*** Dataset extract ***

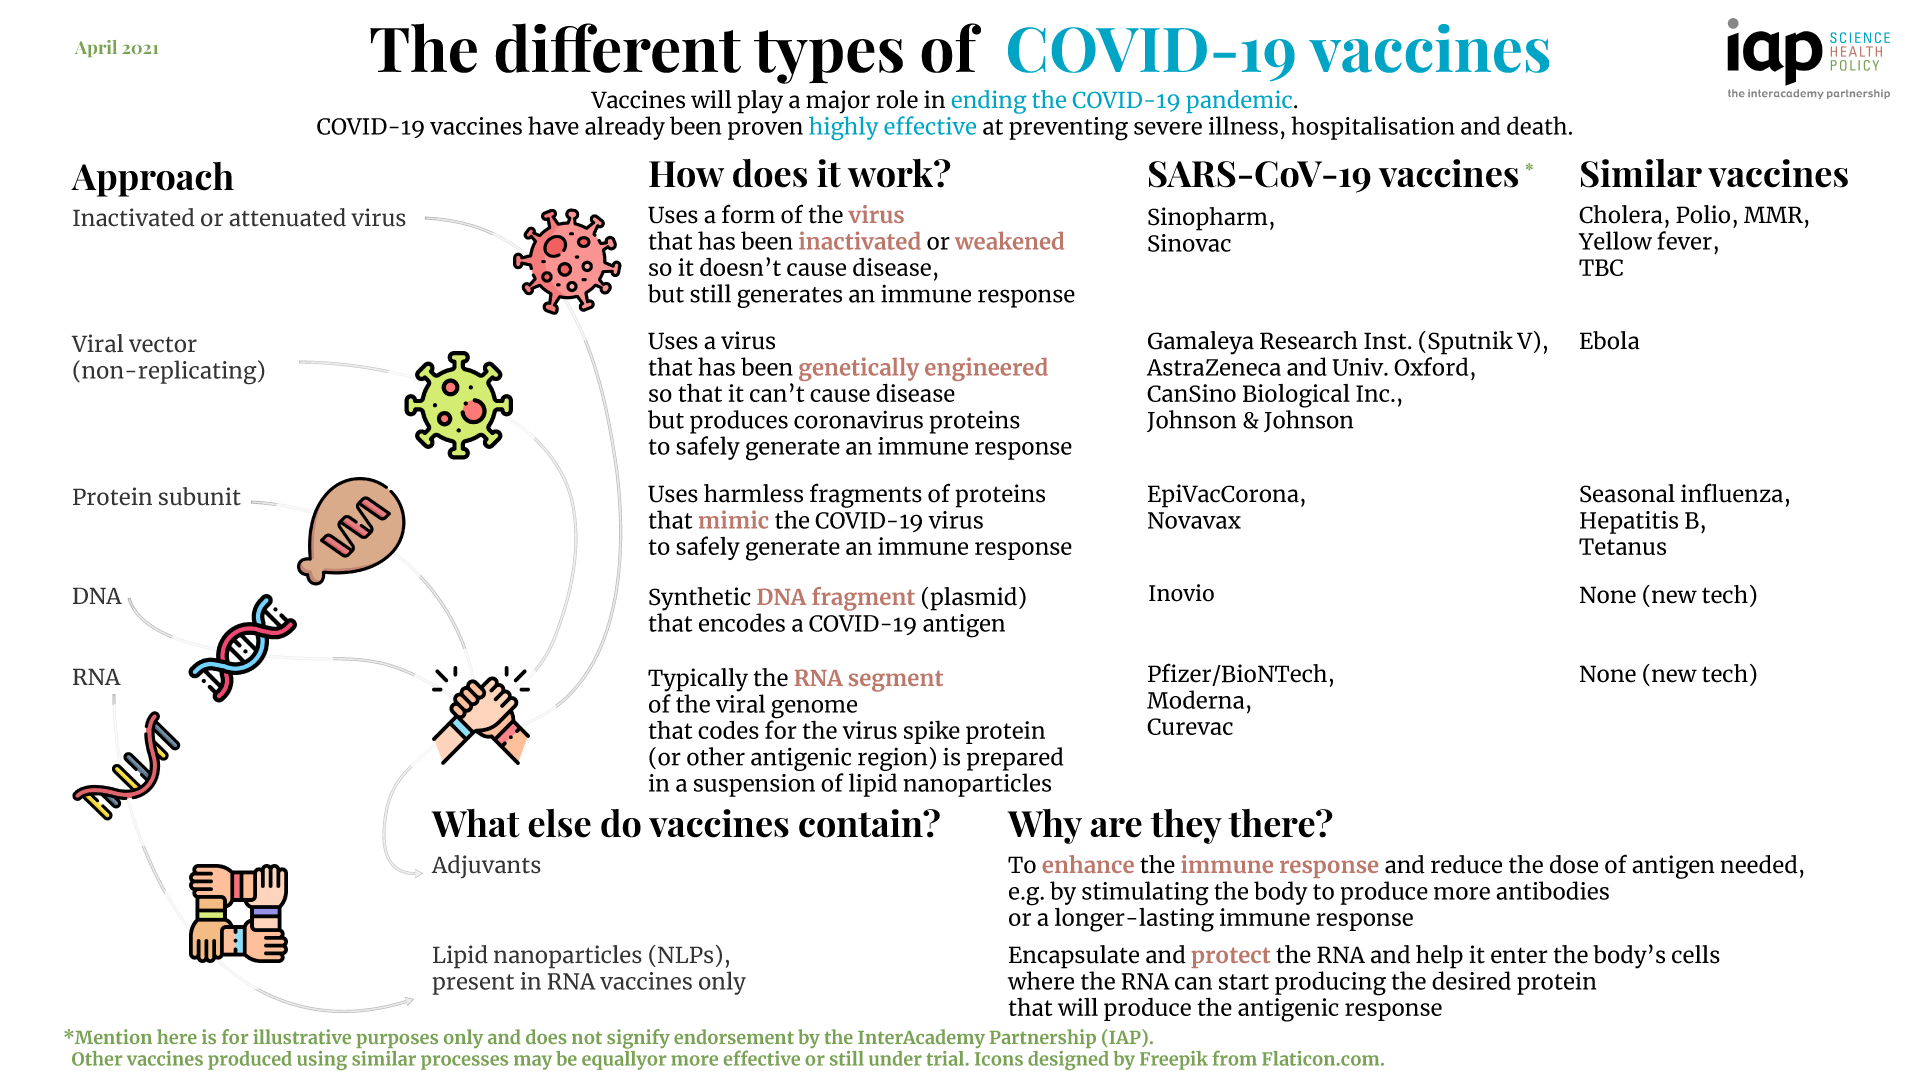 IAP infographic on COVID-19 vaccines
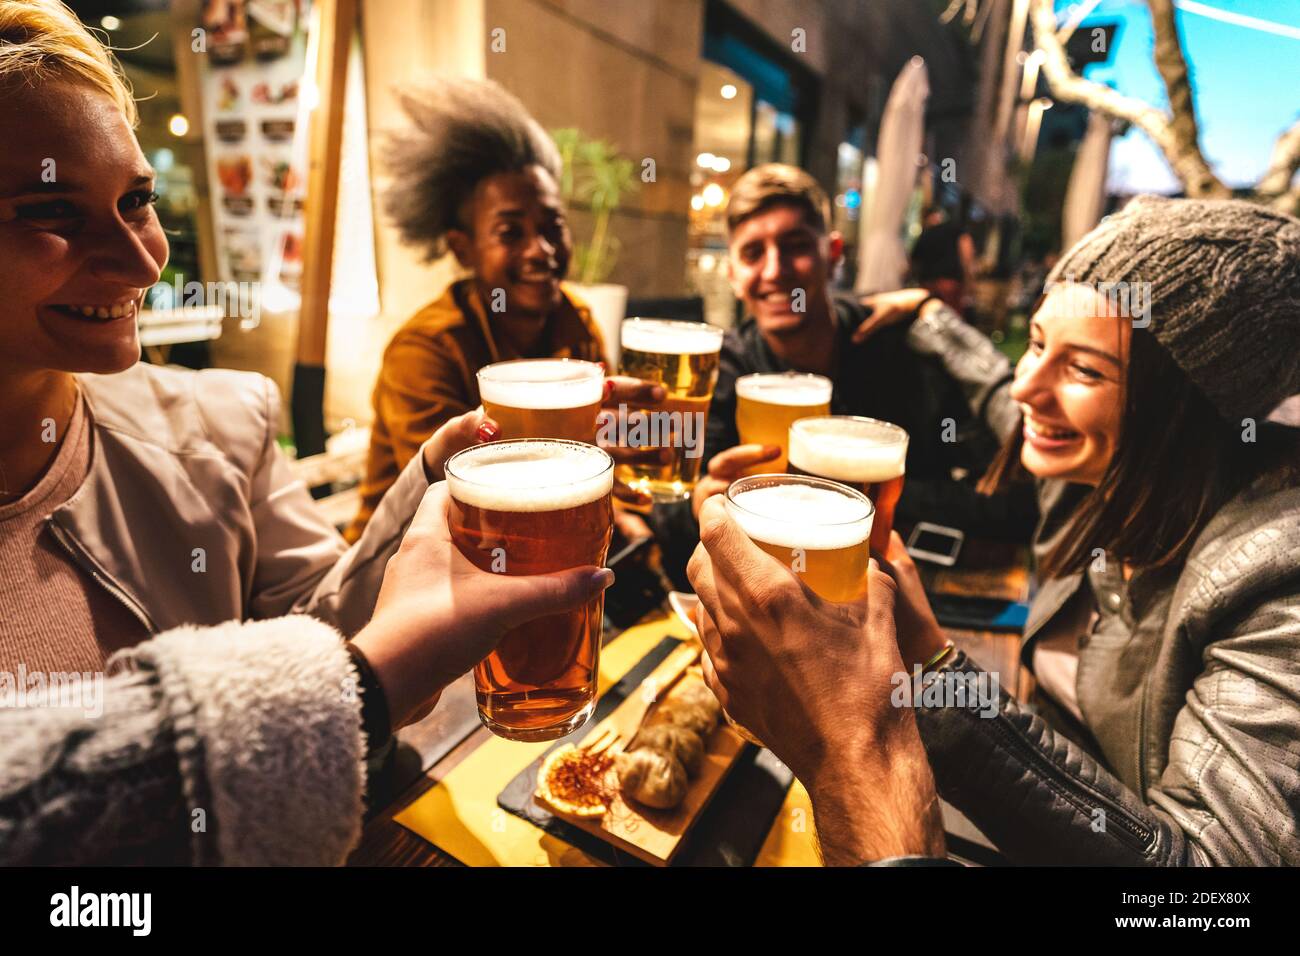 Happy friends drinking beer at brewery bar out doors on night mood - Friendship lifestyle concept with young people enjoying time together Stock Photo
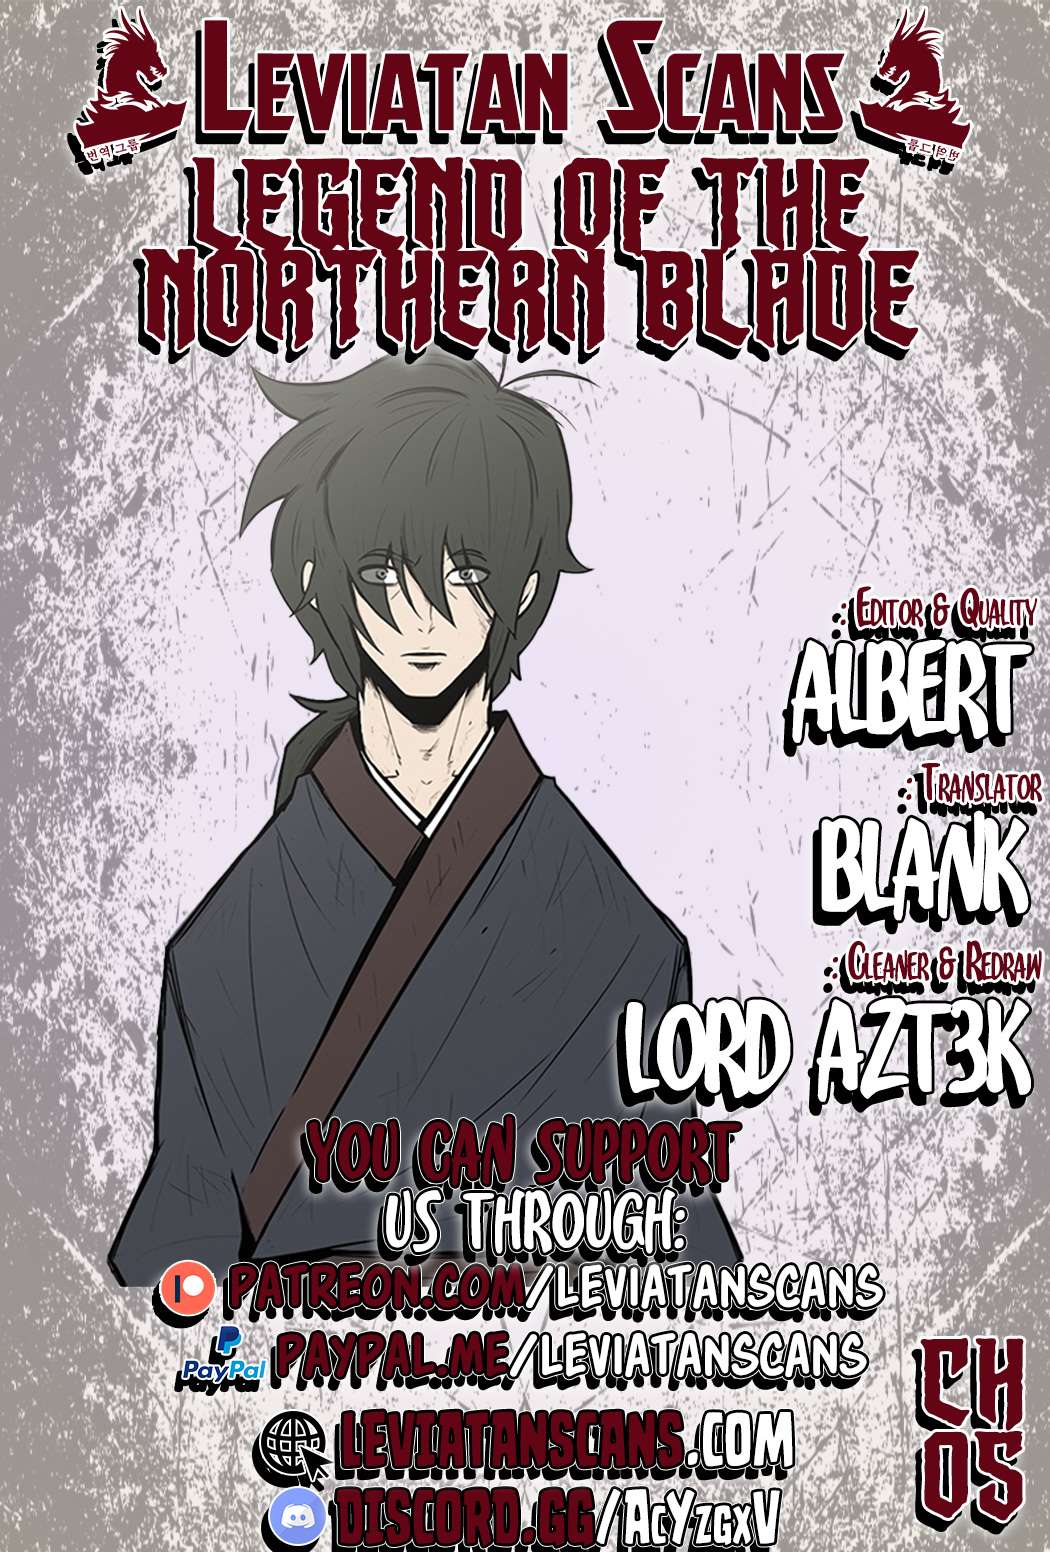 Legend of the Northern Blade chapter 5 page 1
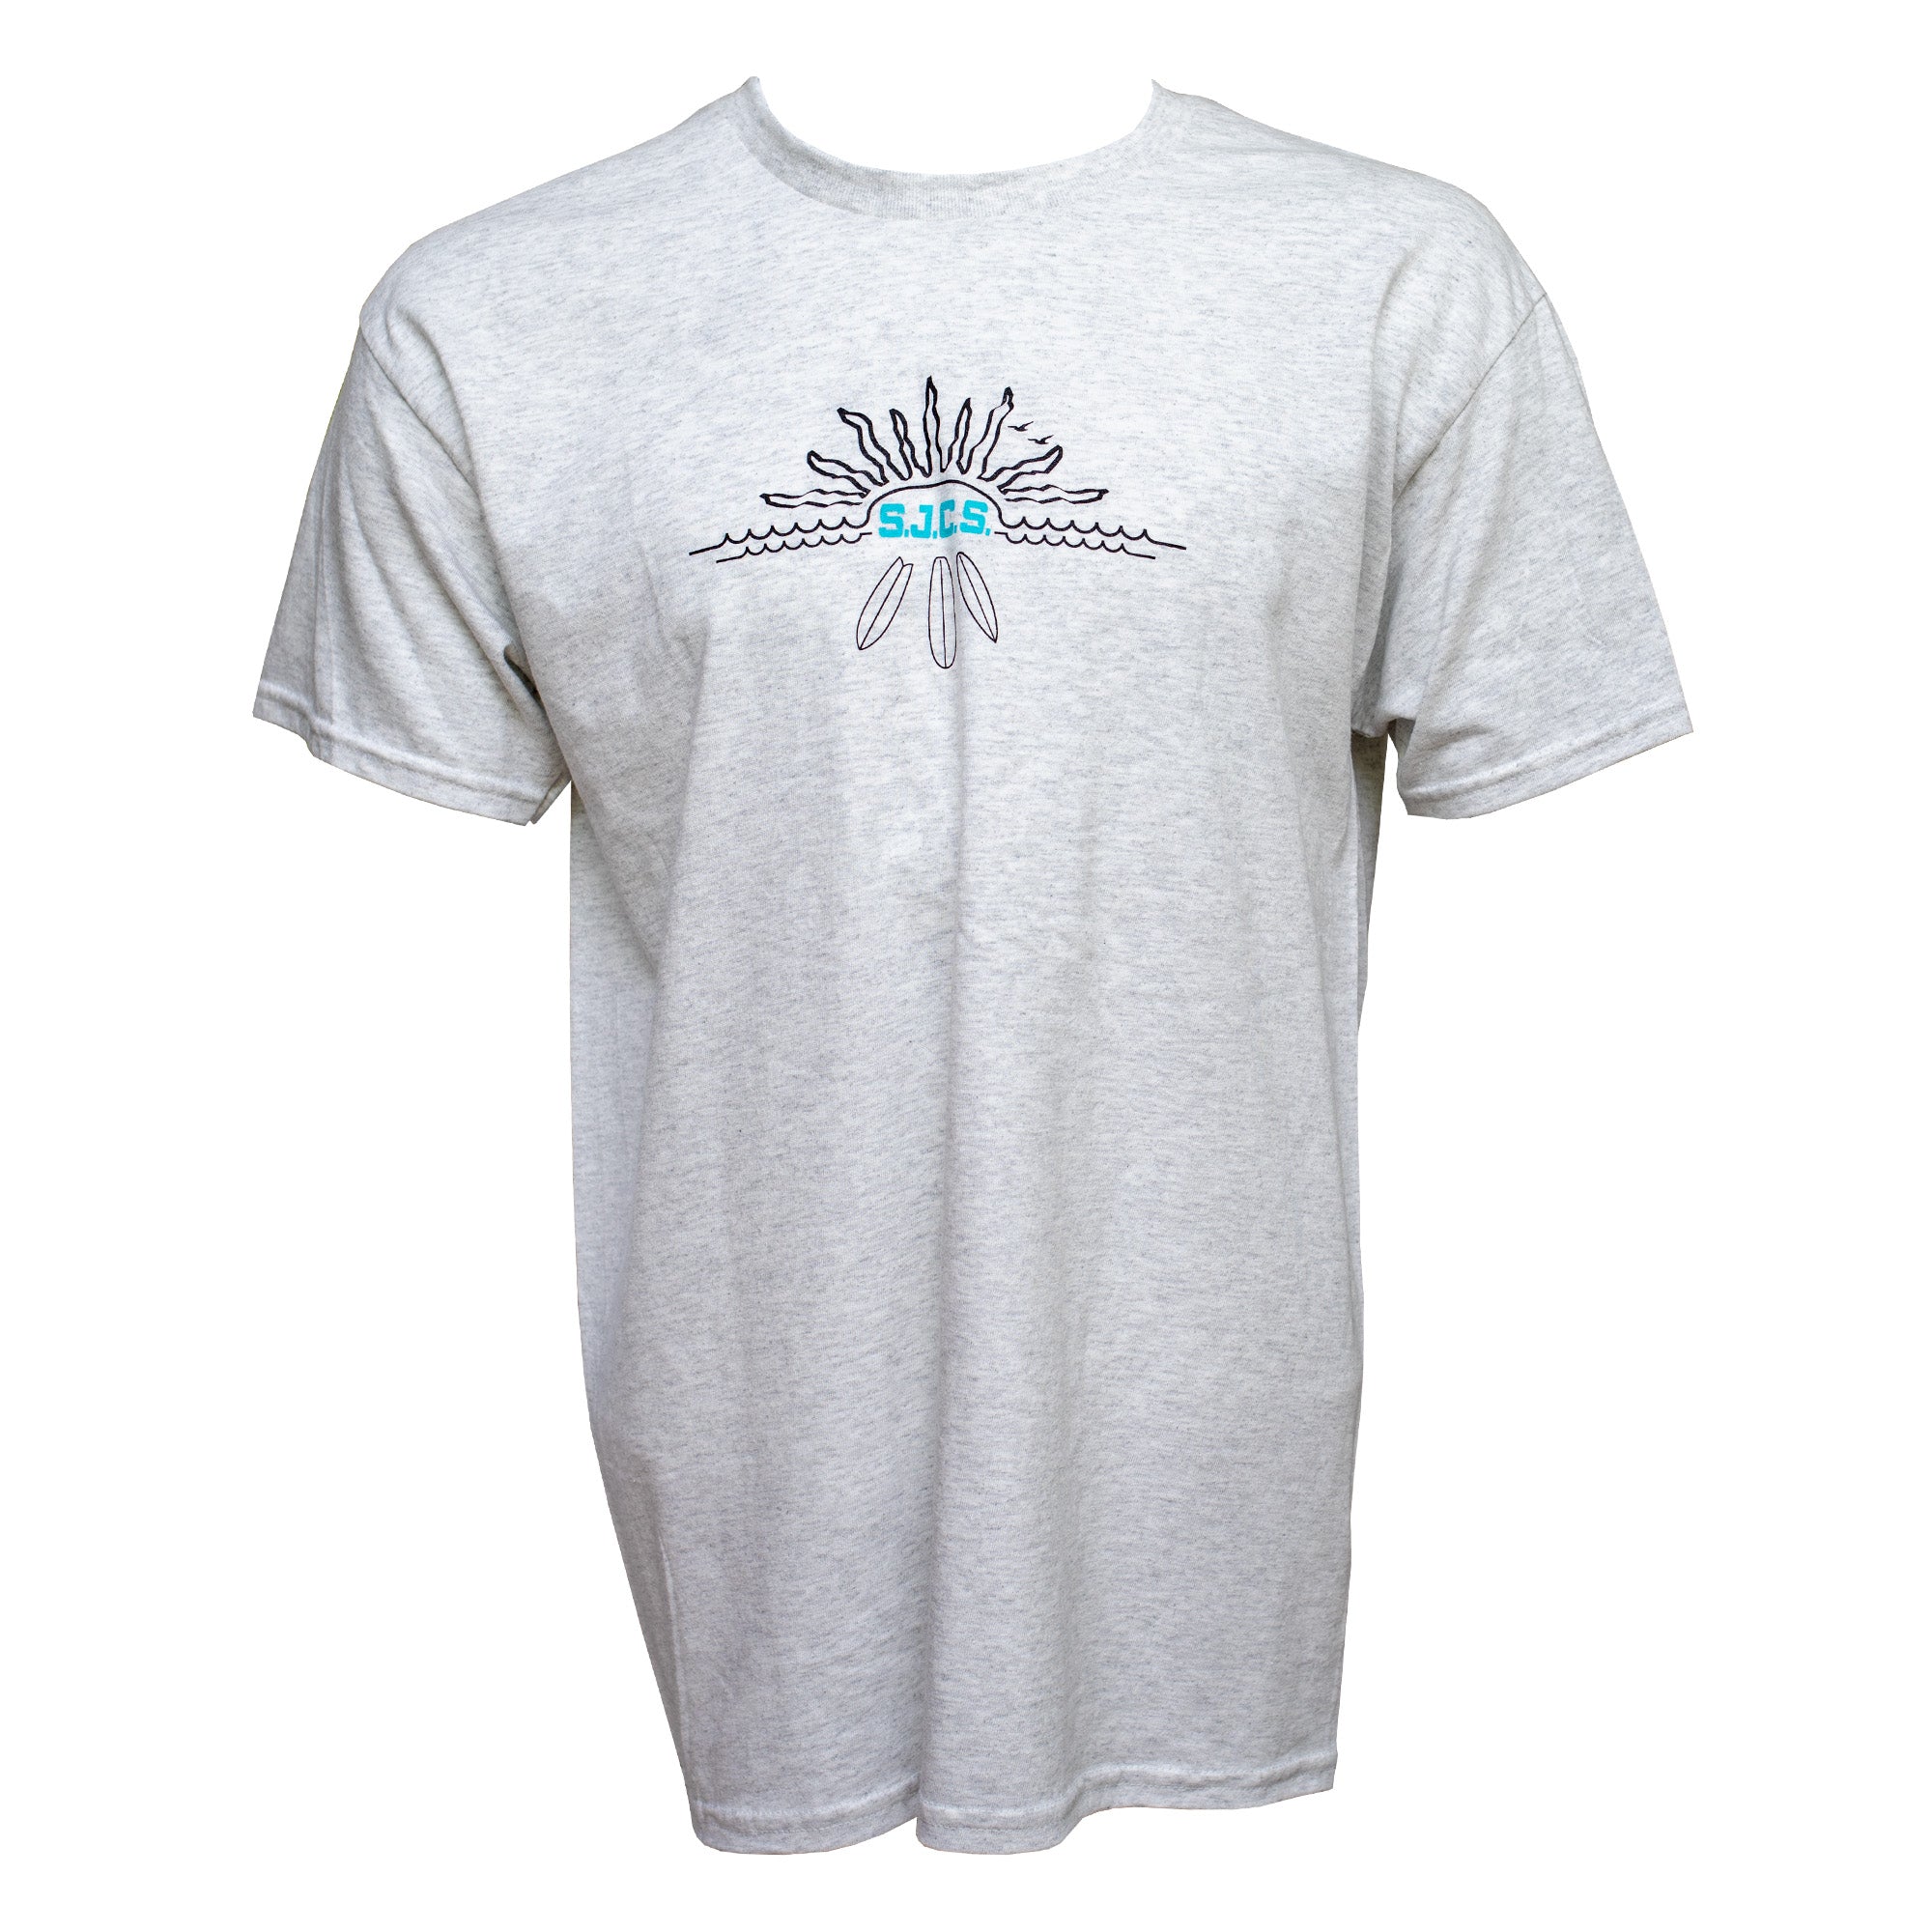 St. Johns County Shapers Men's S/S T-Shirt

*** End of Dataset extract ***

_What the exercise asks_: From the first line to the last, write out the data above exactly. Omit the pictures.

_Task response_:
 IAP infographic on COVID-19 vaccines
 Happy friends drinking beer at brewery bar out doors on night mood - Friendship lifestyle concept with young people enjoying time together Stock Photo
 Legend of the Northern Blade chapter 5 page 1
 St. Johns County Shapers Men's S/S T-Shirt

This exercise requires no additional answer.